◆ INFORMATION GIVEN:
——————

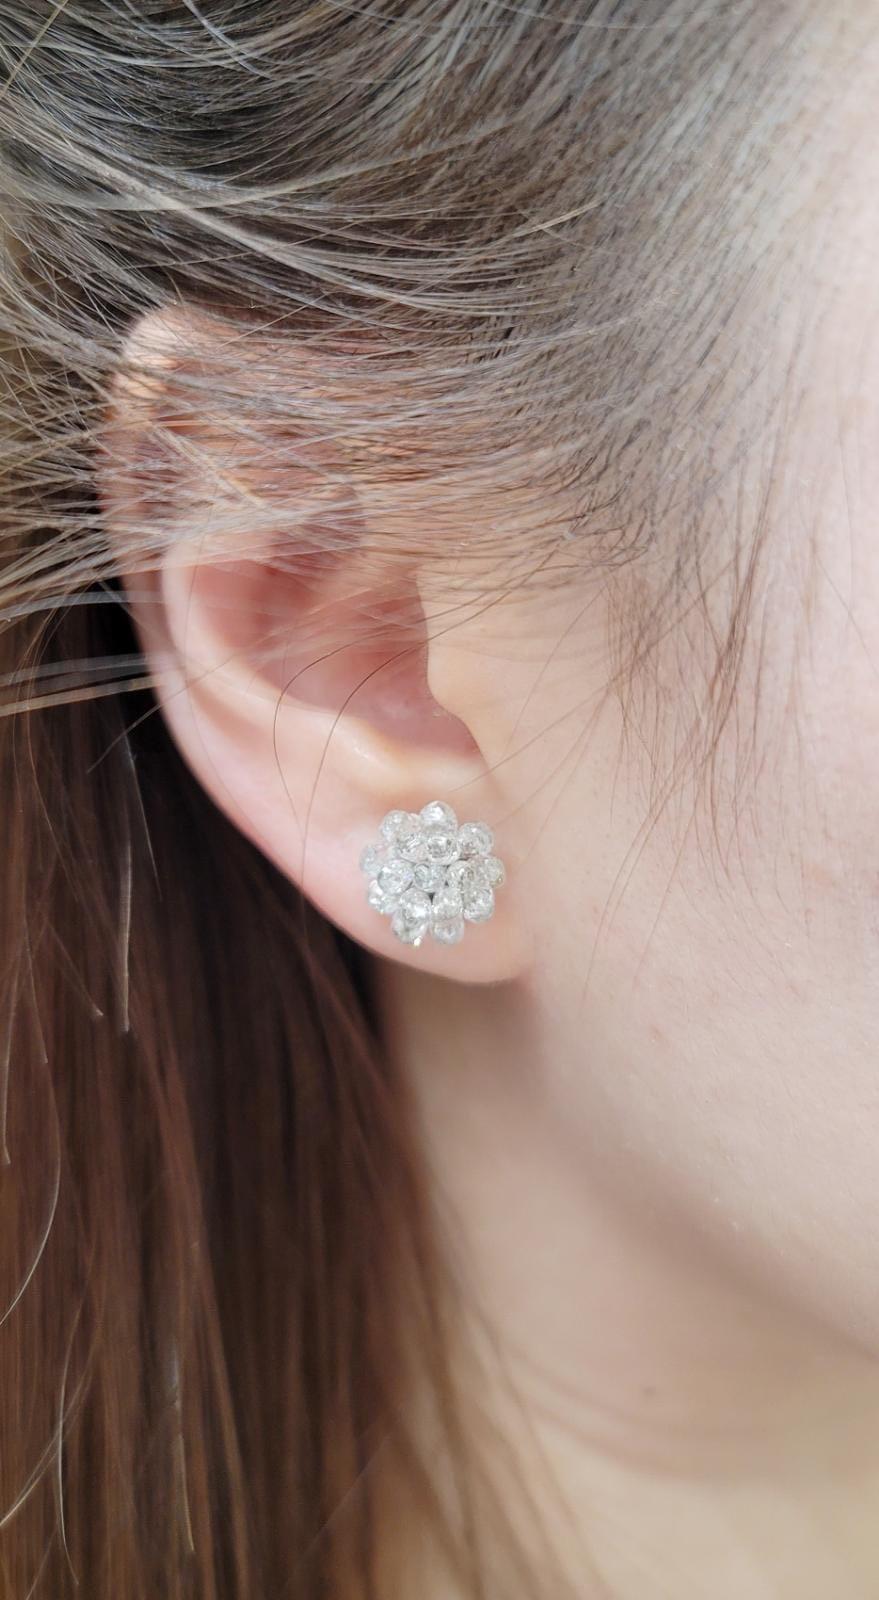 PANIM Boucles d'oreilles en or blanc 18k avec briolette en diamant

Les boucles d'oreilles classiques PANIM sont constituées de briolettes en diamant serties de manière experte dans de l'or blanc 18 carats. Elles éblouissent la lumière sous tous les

——————

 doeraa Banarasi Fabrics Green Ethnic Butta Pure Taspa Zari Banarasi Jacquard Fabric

——————

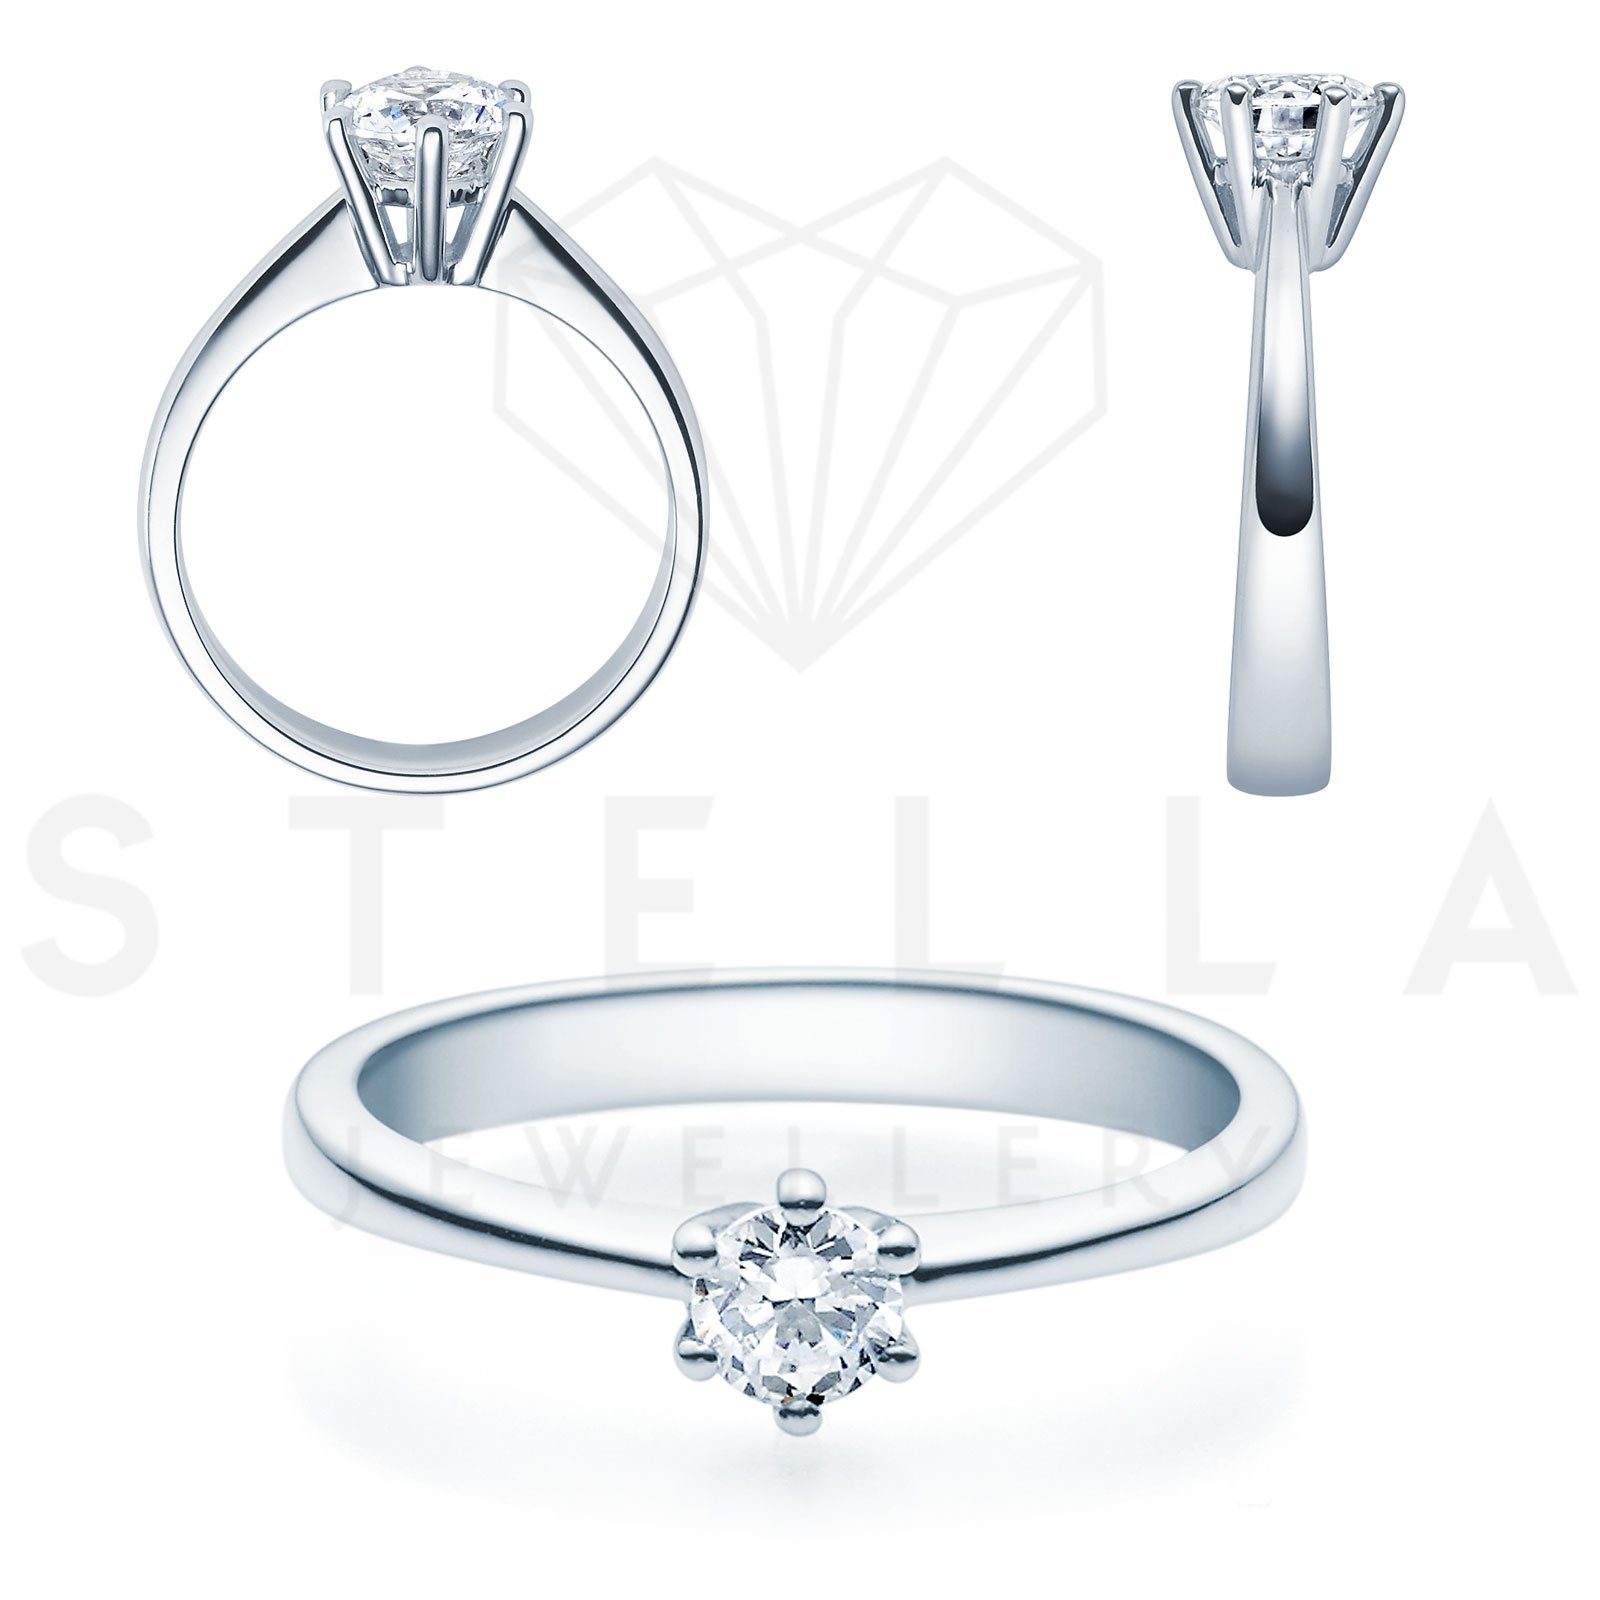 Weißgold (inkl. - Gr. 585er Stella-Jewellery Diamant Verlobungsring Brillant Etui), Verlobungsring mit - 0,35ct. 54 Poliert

——————

◆ TASK DIRECTIONS:
Reproduce the lines above starting at the one with "PANIM Boucles d'oreilles" and ending at the one with "Les boucles d'oreilles", both included, exactly and with no pictures.

◆ PROBLEM SOLUTION:
 PANIM Boucles d'oreilles en or blanc 18k avec briolette en diamant

Les boucles d'oreilles classiques PANIM sont constituées de briolettes en diamant serties de manière experte dans de l'or blanc 18 carats. Elles éblouissent la lumière sous tous les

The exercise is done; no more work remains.